But you can't get close to the movers and shakers. Some of whom come with their bodyguards.
We had the best table in the restaurant, even better than Larry Ellison's, and he owns the place. You see my dinner compatriot had done the manager a few favors, that's how it works, even still in the music business.
But we were not household names.
Arianna and Larry were at the same table. Two away. And then I realized their dinner companion was David Mamet, he had his back to us, but I recognized his glasses and his square frame. And...I wanted to be there, to get in on that conversation.
I hate Arianna, she's a tireless self-promoter. And I used to love Mamet, before he skewed to the right politically. Have you seen "House Of Games"? That's enough to hang a career on. As for Larry? He earned it. That's right, he started Oracle, hard to argue with that.

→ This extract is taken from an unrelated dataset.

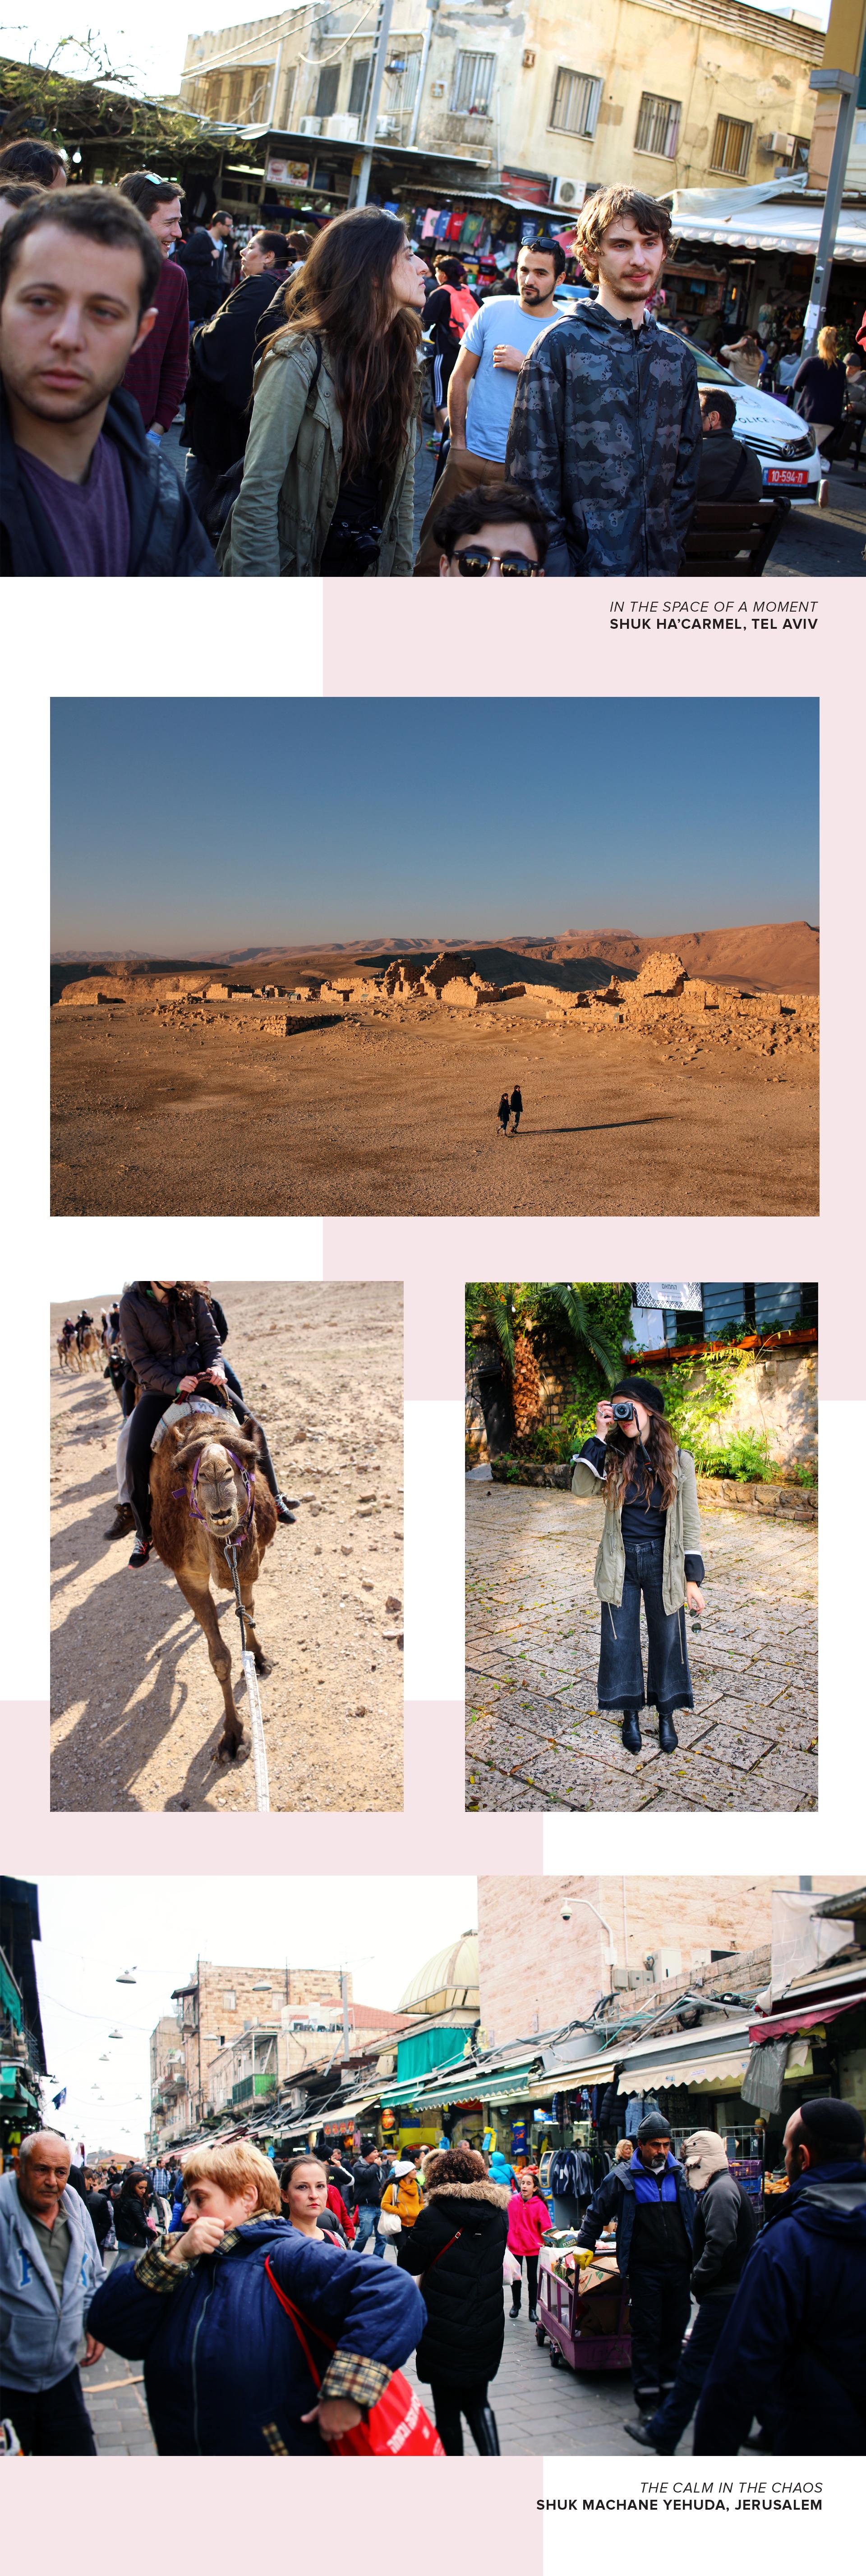 Travel photography by Geena Matuson @geenamatuson #thegirlmirage featuring Israel, with art book to follow. See more @ https://thegirlmirage.com.

But I was becoming deflated.
Now it's Nobu. Used to be Ma Maison. There have always been places you could see the stars, if not quite rub elbows with them. Which is a thrill if you grew up in the suburbs. The closest I ever came to a star back home is when I saw Bette Davis autographing books in Klein's on the Westport strip. Nobody I grew up with was famous, and when I first moved to L.A. I'd go up and say hi. Now I know that's a no-no and I never do.
But when you first get here you have dreams.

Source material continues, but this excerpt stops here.